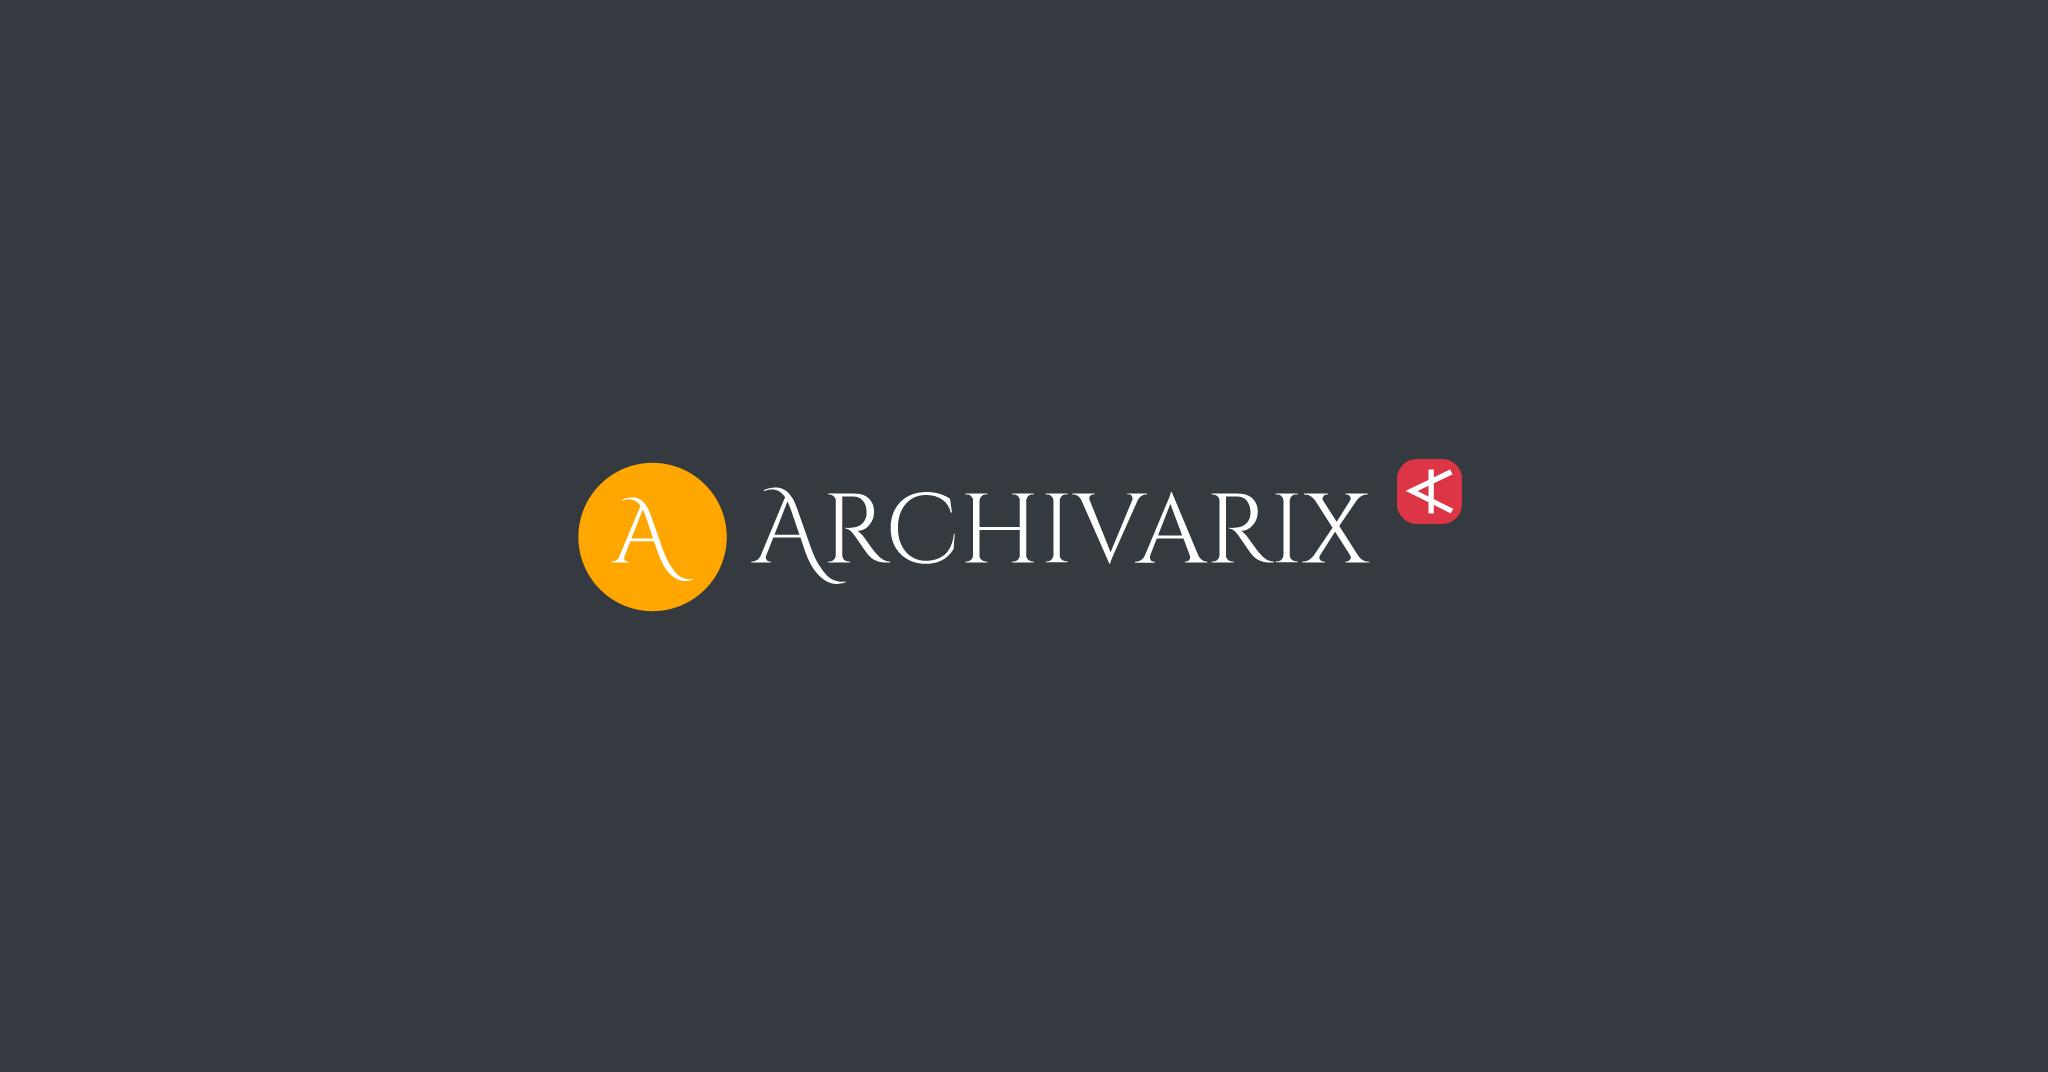 web archive extractor online
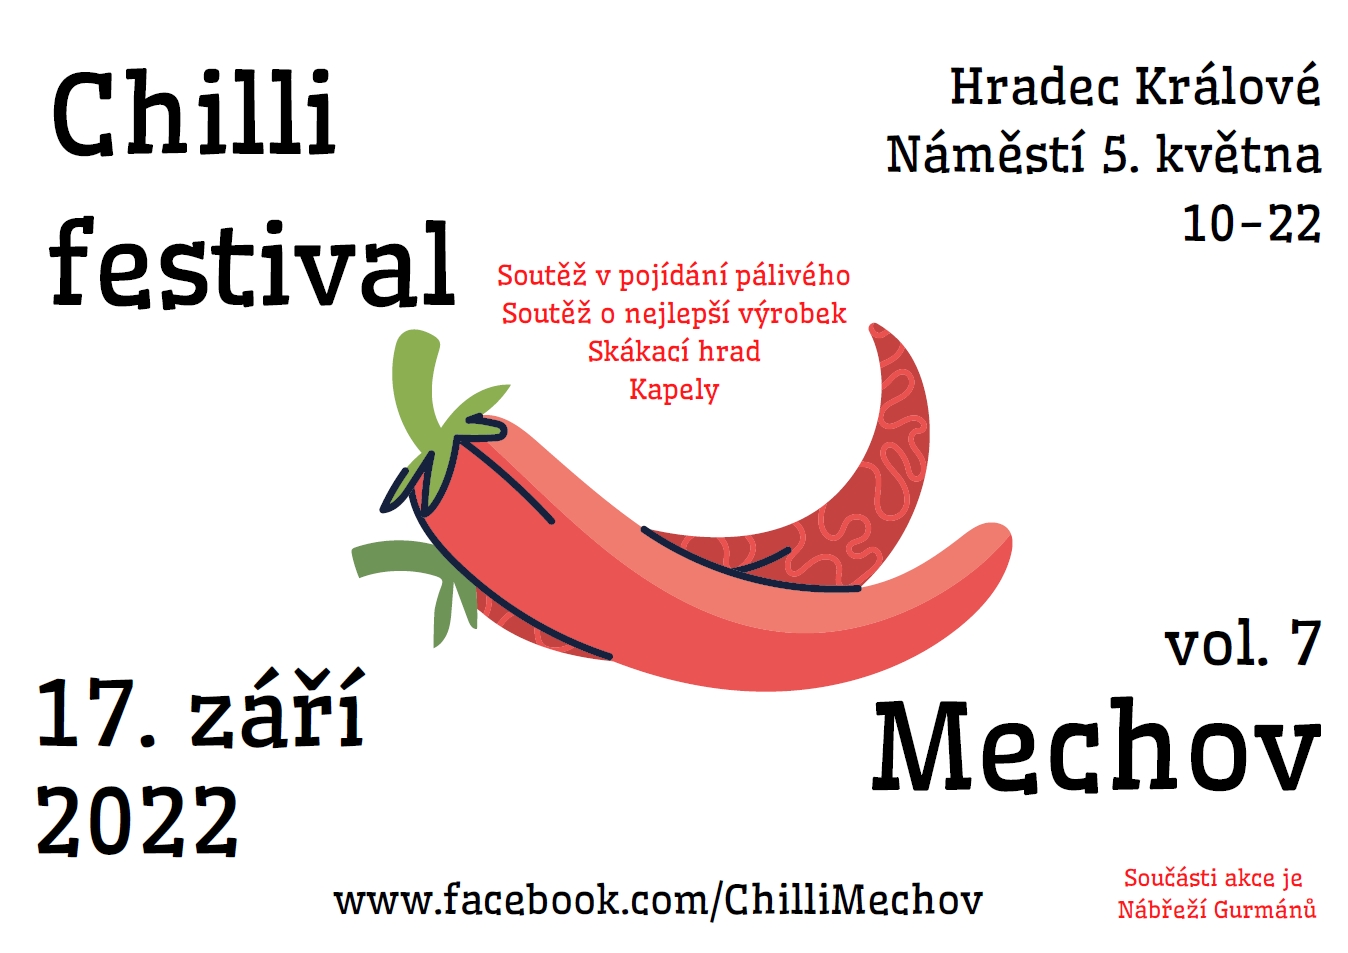 Chilli festival Mechov vol. 7
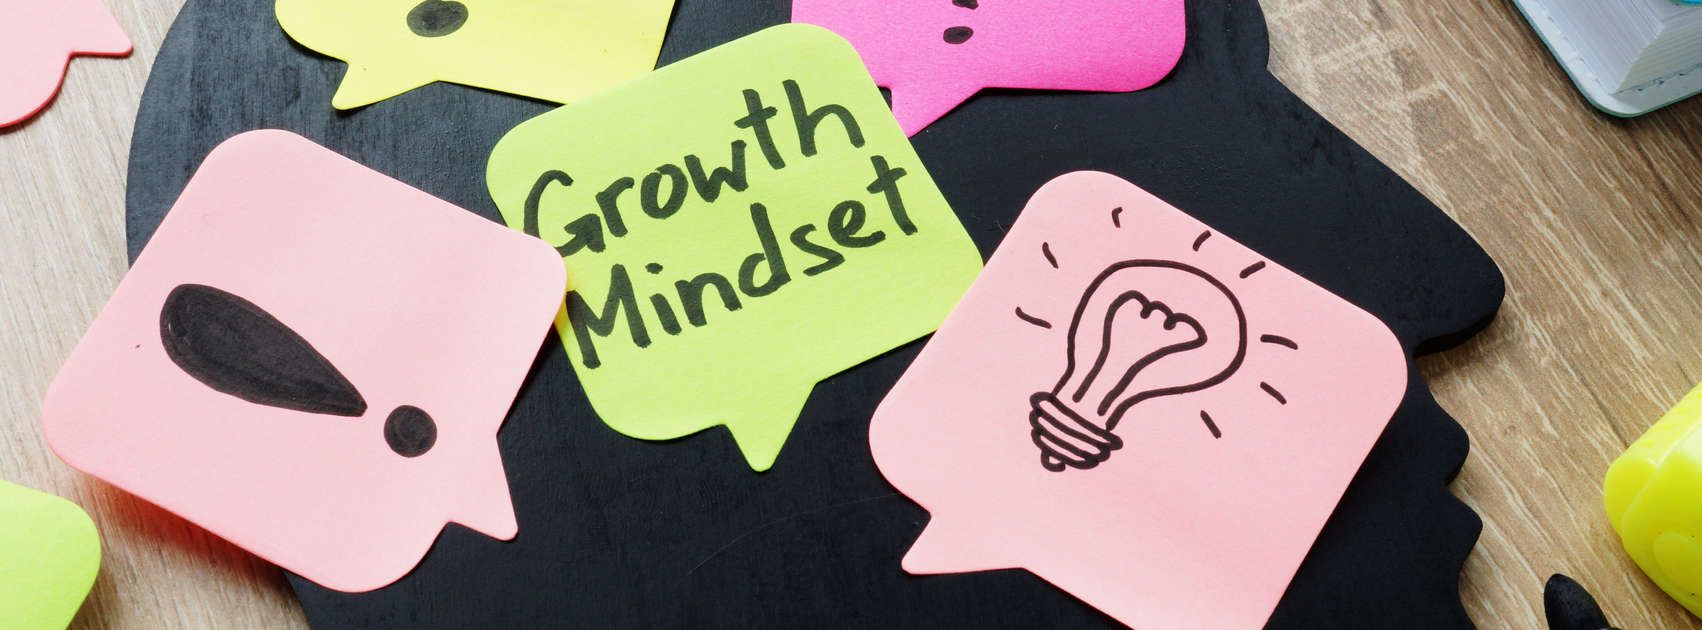 Growth mindset on sitcky notes
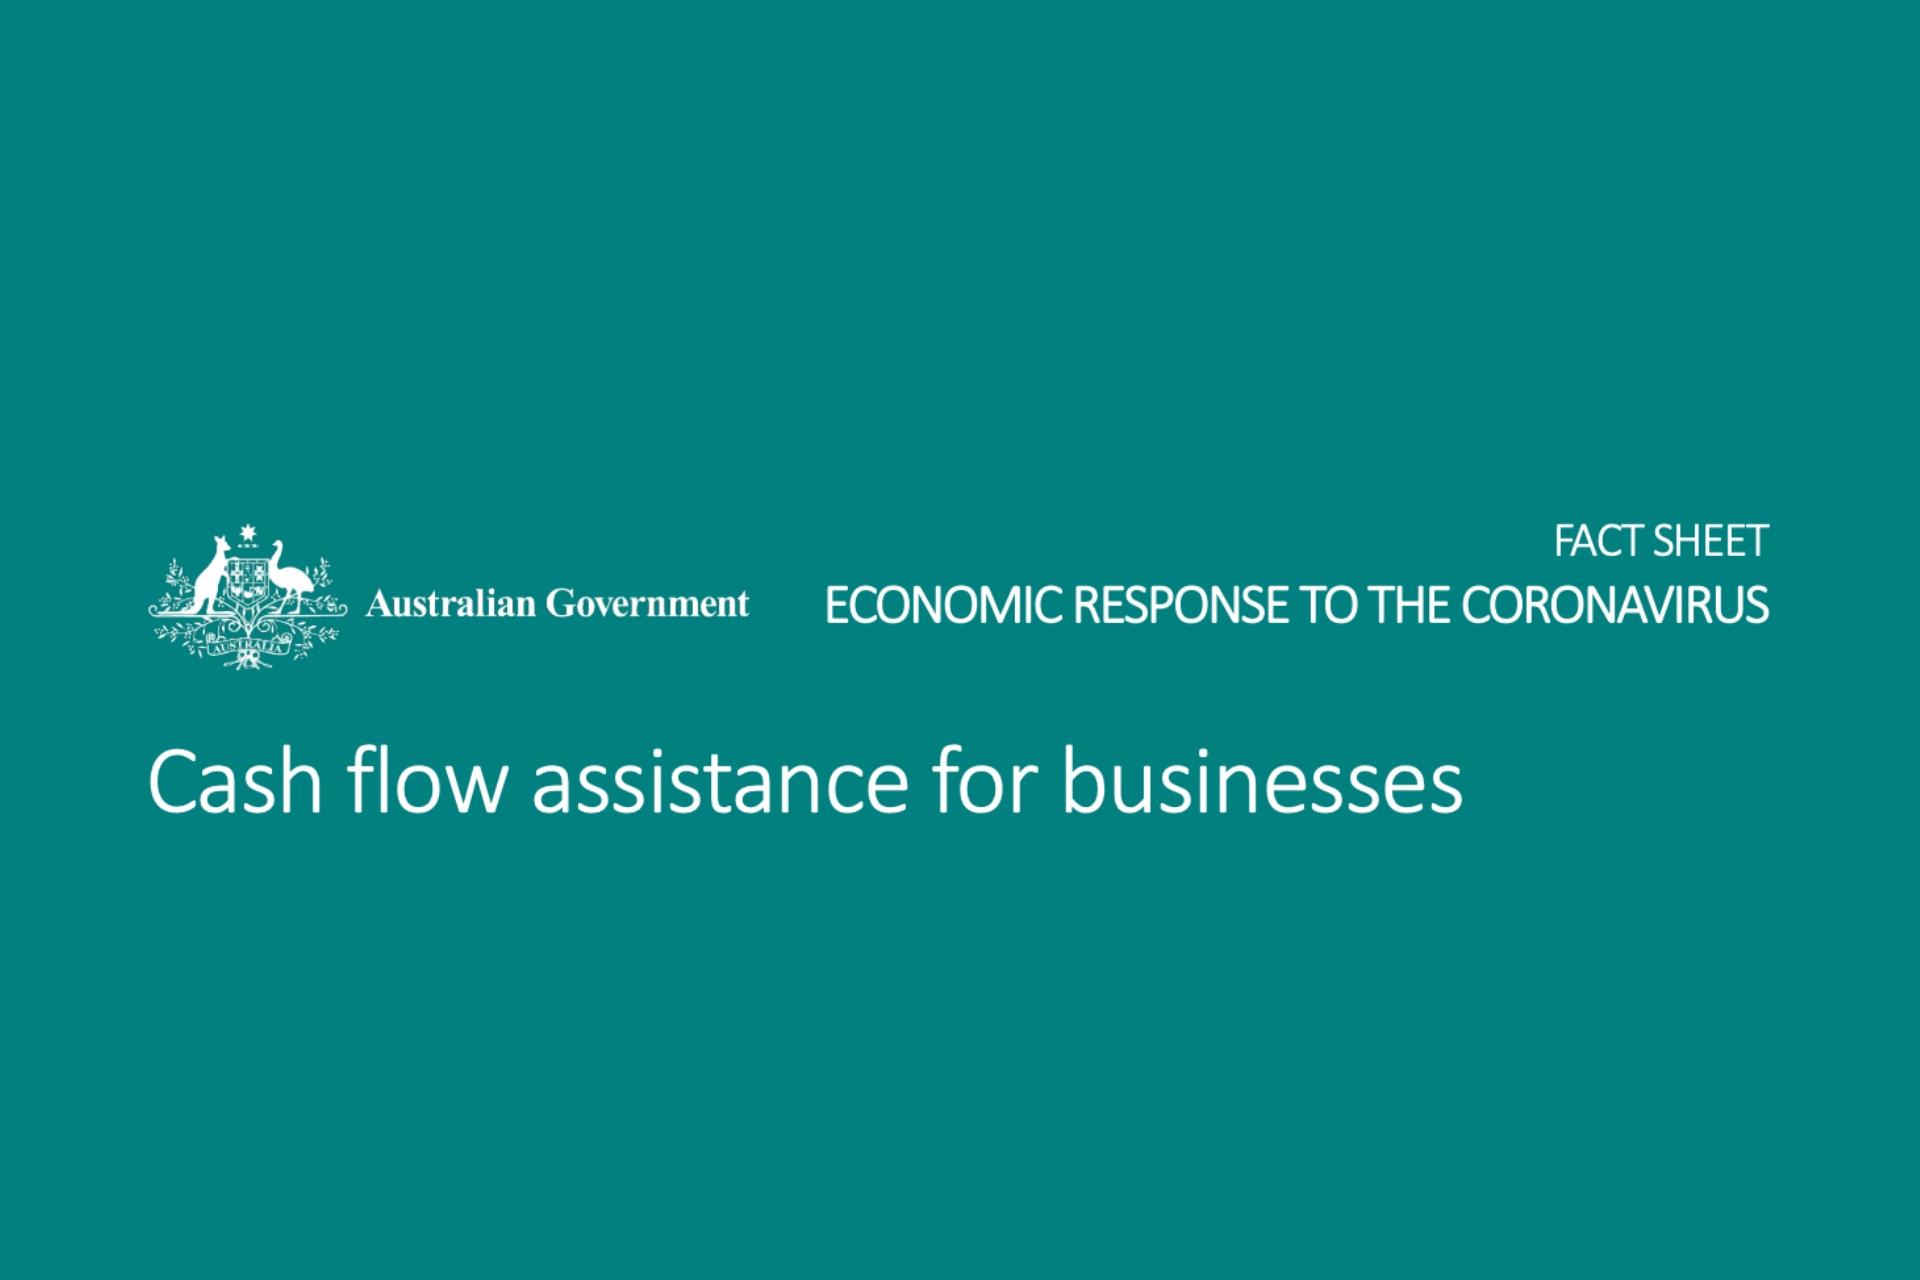 Australian Government Factsheet - Economic Response to the Corona Virus - Cash flow assistance for bussiness
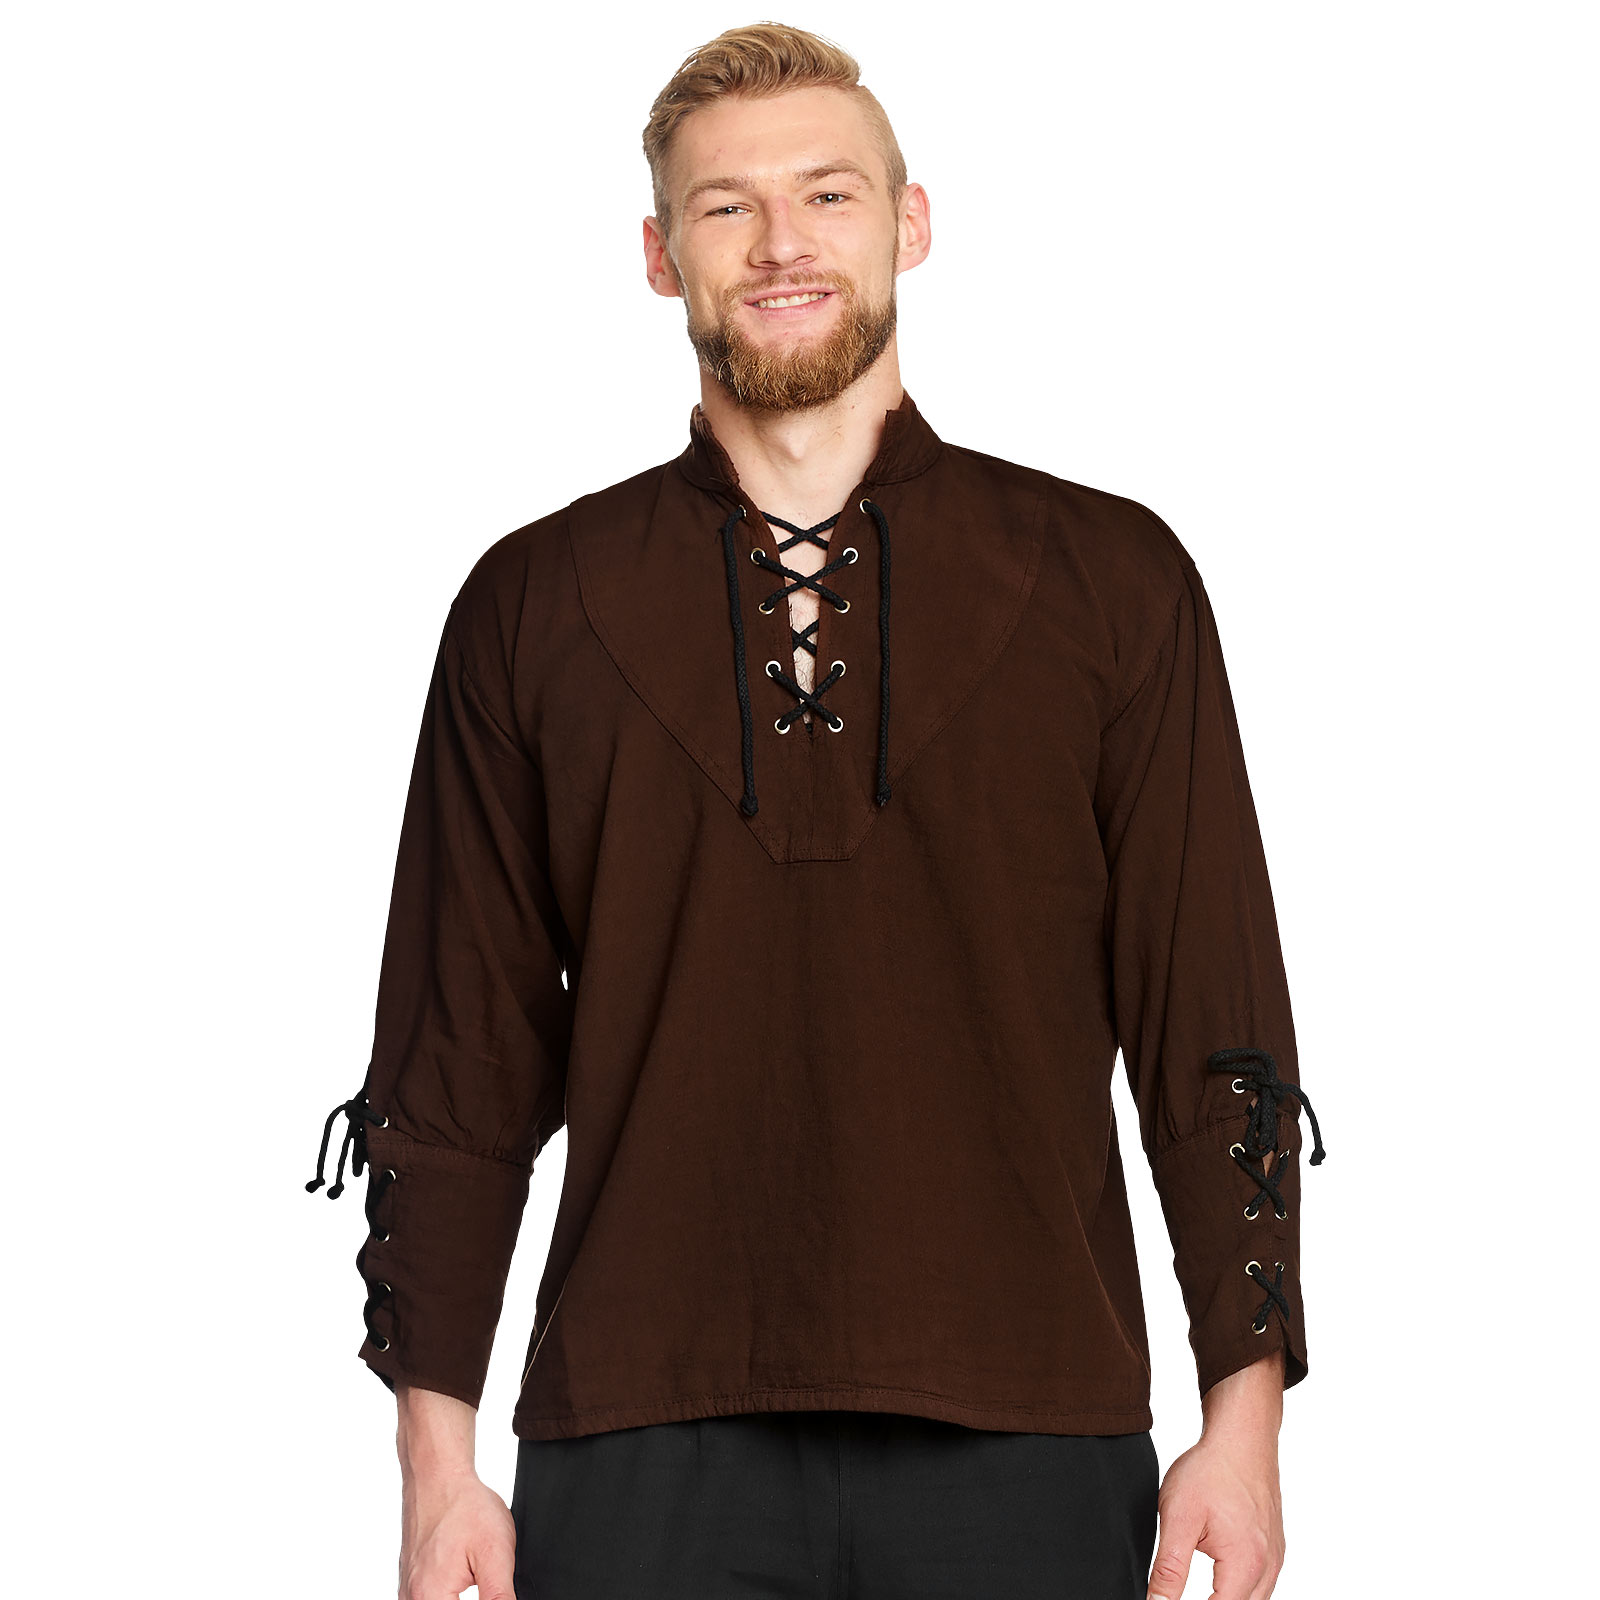 Medieval Shirt Brown
......
§ Exercise brief
Everything from the line containing "Chilli festival Mechov vol. 7" through the last line of the listing above must be output exactly, except the pictures.

§ Task response
 Chilli festival Mechov vol. 7
 Growth mindset on sitcky notes
 Australian Government Factsheet - Economic Response to the Corona Virus - Cash flow assistance for bussiness
 Medieval Shirt Brown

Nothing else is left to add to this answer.